How prodigious is the RF appetite for supermarket specials? The Queen Mum’s (1900-2002) truly incredible drinking habits were well-documented, with a gin and Dubonnet cocktail called the Zaza beginning at noon, red wine and port with lunch, then a martini at 6 pm, followed by two glasses of Veuve Cliquot at dinner, but the current royal’s habits are tamer, and therefore, provoke less behind-the-hand tittering and tabloid coverage.
The Queen also (according to the Royal family blog) goes for a Gin & Dubonnet refresher. Prince Philip apparently likes his Boddington, while the Prince of Wales is a whiskey man. (He produces his own, called Barrogill). The Duke and Duchess of Cambridge, while enjoying cocktails like the Crack Baby (passion fruit juice, vodka, raspberry liqueur topped with champagne) when they were out clubbin’ at all hours, depressingly, have entered the dreaded parents of toddlers zone of middle-class responsibility. The Duke enjoys a pint every now and then (Stella, Guinness), but the Duchess likes … water. Prince Harry, thank goodness, still likes Ciroc Ultra, and lots of it.
If you really want to get a decent drink at a castle in England, you need to be important enough to be invited to a state banquet dinner – preferably one in honor of the head of state of a country that has billions of dollars worth of potential deals on the table with the U.K. In October of 2015, the RF put on a dinner with a $200,000 wine tab for Chinese President Xi Jinping. Roughly 170 VIPs attended, and the Duchess of Cambridge, Kate Middleton, was seated next to Xi, a sign that everyone was very serious about the $45 billion slate of economic deals at stake between the U.K. and China.

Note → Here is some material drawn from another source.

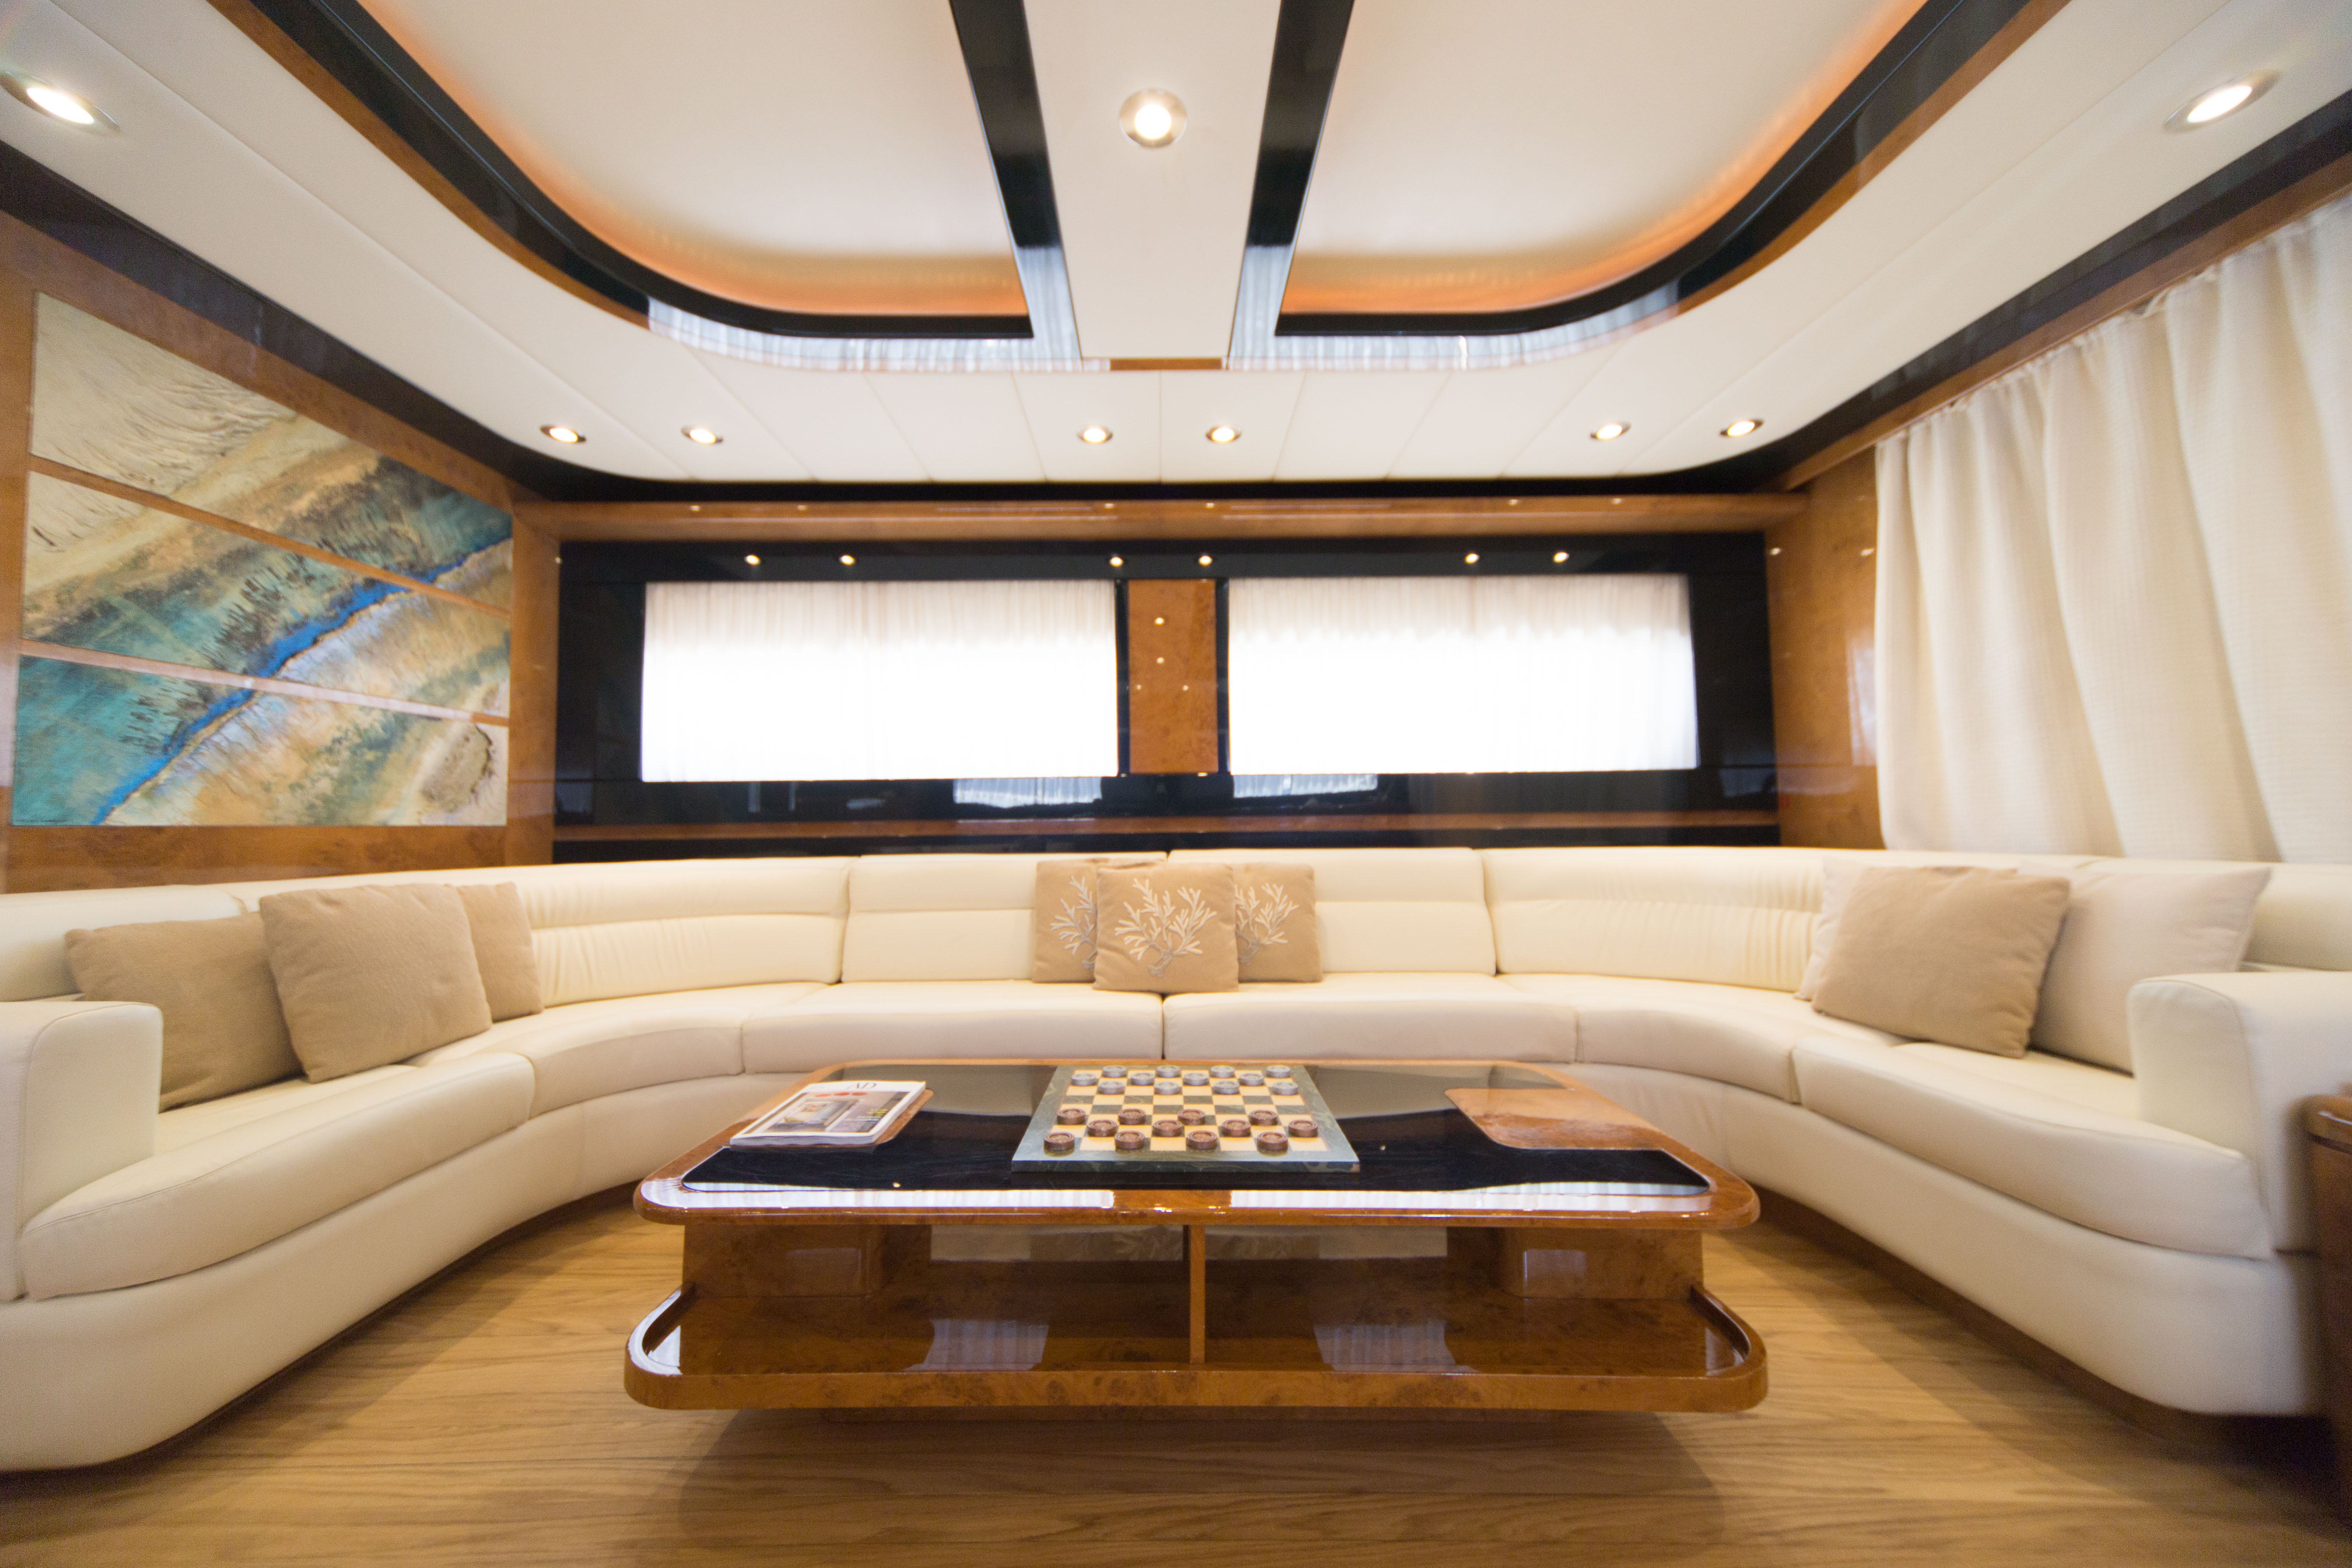 Phenomenal Zia Canaia Riva Opera 80 S Levante Yachts Home Remodeling Inspirations Cosmcuboardxyz

Interestingly, they also used the opportunity to draw attention to Britain’s nascent wine industry, serving a British sparkling wine as an aperitif. The 2009 Ridgeview Grosvenor Blanc de Blancs retails for about $45, a significant step-up from the New Zealand Sauvignons. Cru Meurseault Santenots from the Marquis d’Angerville, at $80 a pop was a served with turbot, and dessert (pudding!) was paired with a 1977 Warre port. The palace sommeliers saved the big guns for the main course (venison, braised cabbage), which they paired with a 1989 Chateau Haut Brion, retailing at about $2,175 a go. Forbes, always ready to whip out the calculators, estimated that the Haut Brion probably cost about $184,875 alone, with another $50,000 spent on the other wines.
Haut Brion excluded, your average Tuesday night is probably spent with a much more esoteric, not to mention tasty, bottle, than the two-buck chuck the RF is swilling. The tiara though…well, that’s another story.